Not some measurement of what magical items the players should have to beat them as easily as any other regular monster.
That's how we've always played, and it works great.

I don't think it was ever assumed that players needed to have "that many" magical items at each particular level.

Monsters in 4e are explicitly designed to a formula that takes growing magic item contributions to raw stats into account. 3e it's less explicit but the "wealth by level" table is often used as the justification for stating that magic item contributions are assumed in 3e. Prior to that there is very little to imply that anyone gets magic items by virtue of their level.
Or if it was assumed... we've always ignored that in our games and it's never been a problem.

Which is the case, yeah.
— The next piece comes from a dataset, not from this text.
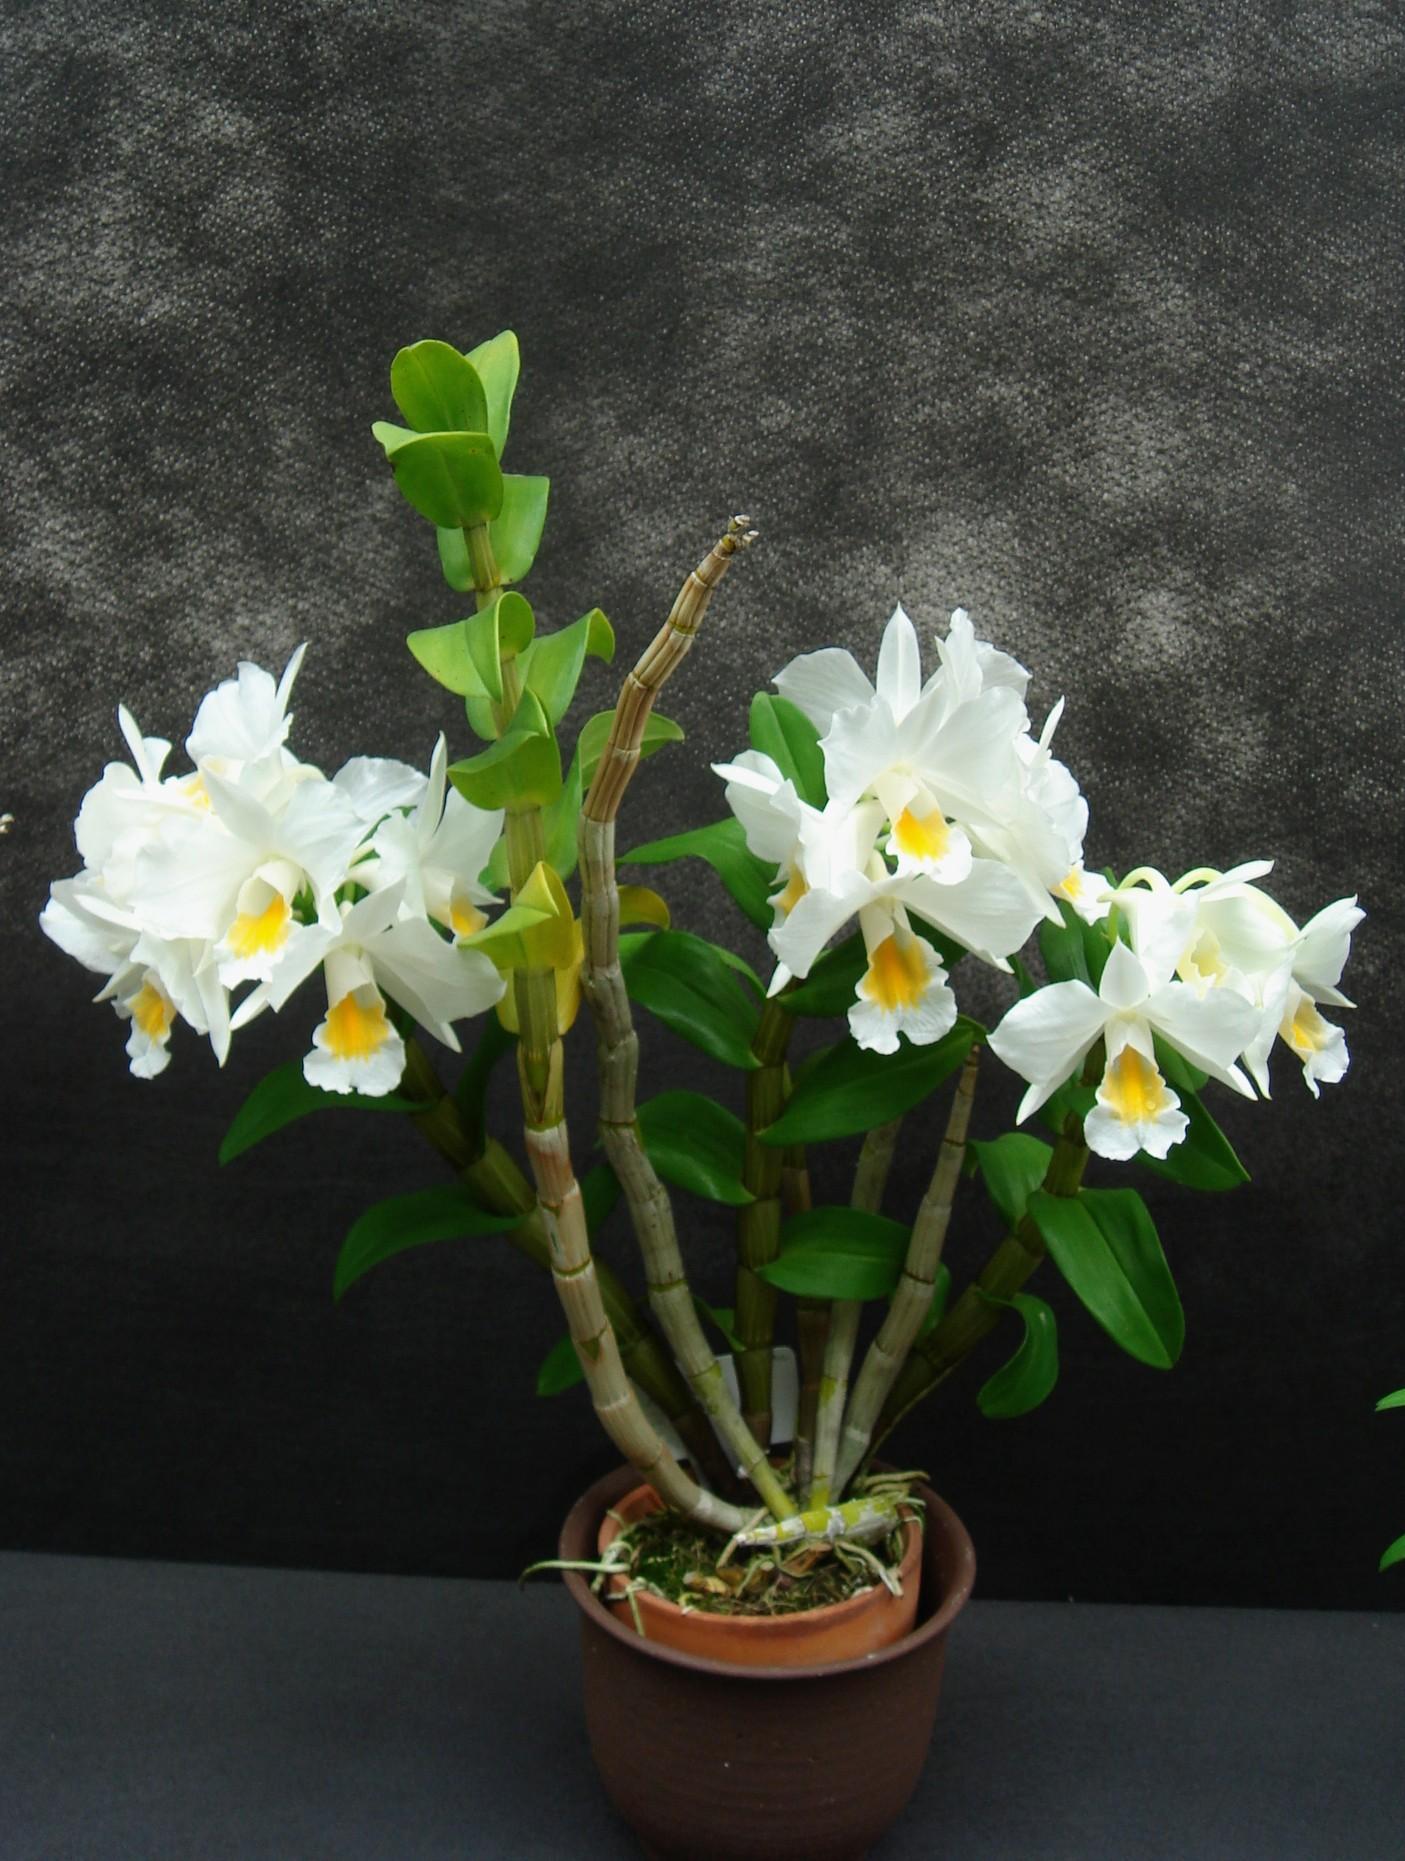 http://orchids.la.coocan.jp/Dendrobium/Dendrobium%20formosum/DSC00959.JPG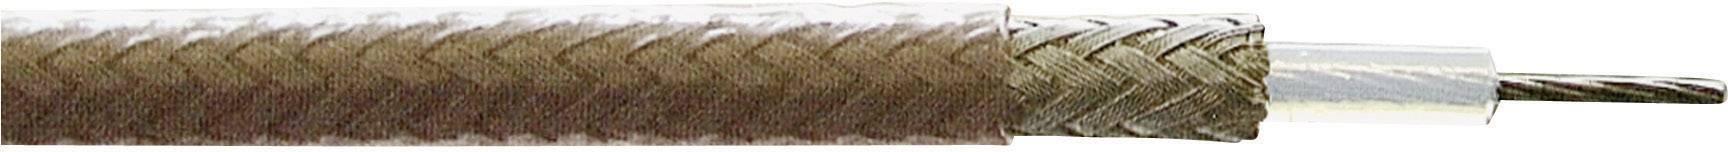 Koaxiálny kábel Huber & Suhner 22510043, 50 Ohm, metrový tovar, hnedá

Fair dues to you, I also ignore these assumptions and it's not that much of an issue.
Magical items for us were something extraordinary that gived an edge to the character, not something on which his progression was inherently dependent.

As it should be, IMO.
I've always seen monsters with DR or immunities as "tough guys" who needed some thinking (or maybe just more hard work) to beat. 
Not some measurement of what magical items the players should have to beat them as easily as any other regular monster.
That's how we've always played, and it works great.

Yeah, I think that's really the intention of abilities like damage resistance. They're special things that require a bit extra to beat; that bit extra can be a magic item that defeats the resistance or it could be a nifty strategy neutralise the threat. Whatever it is, they should be spice rather than procedural.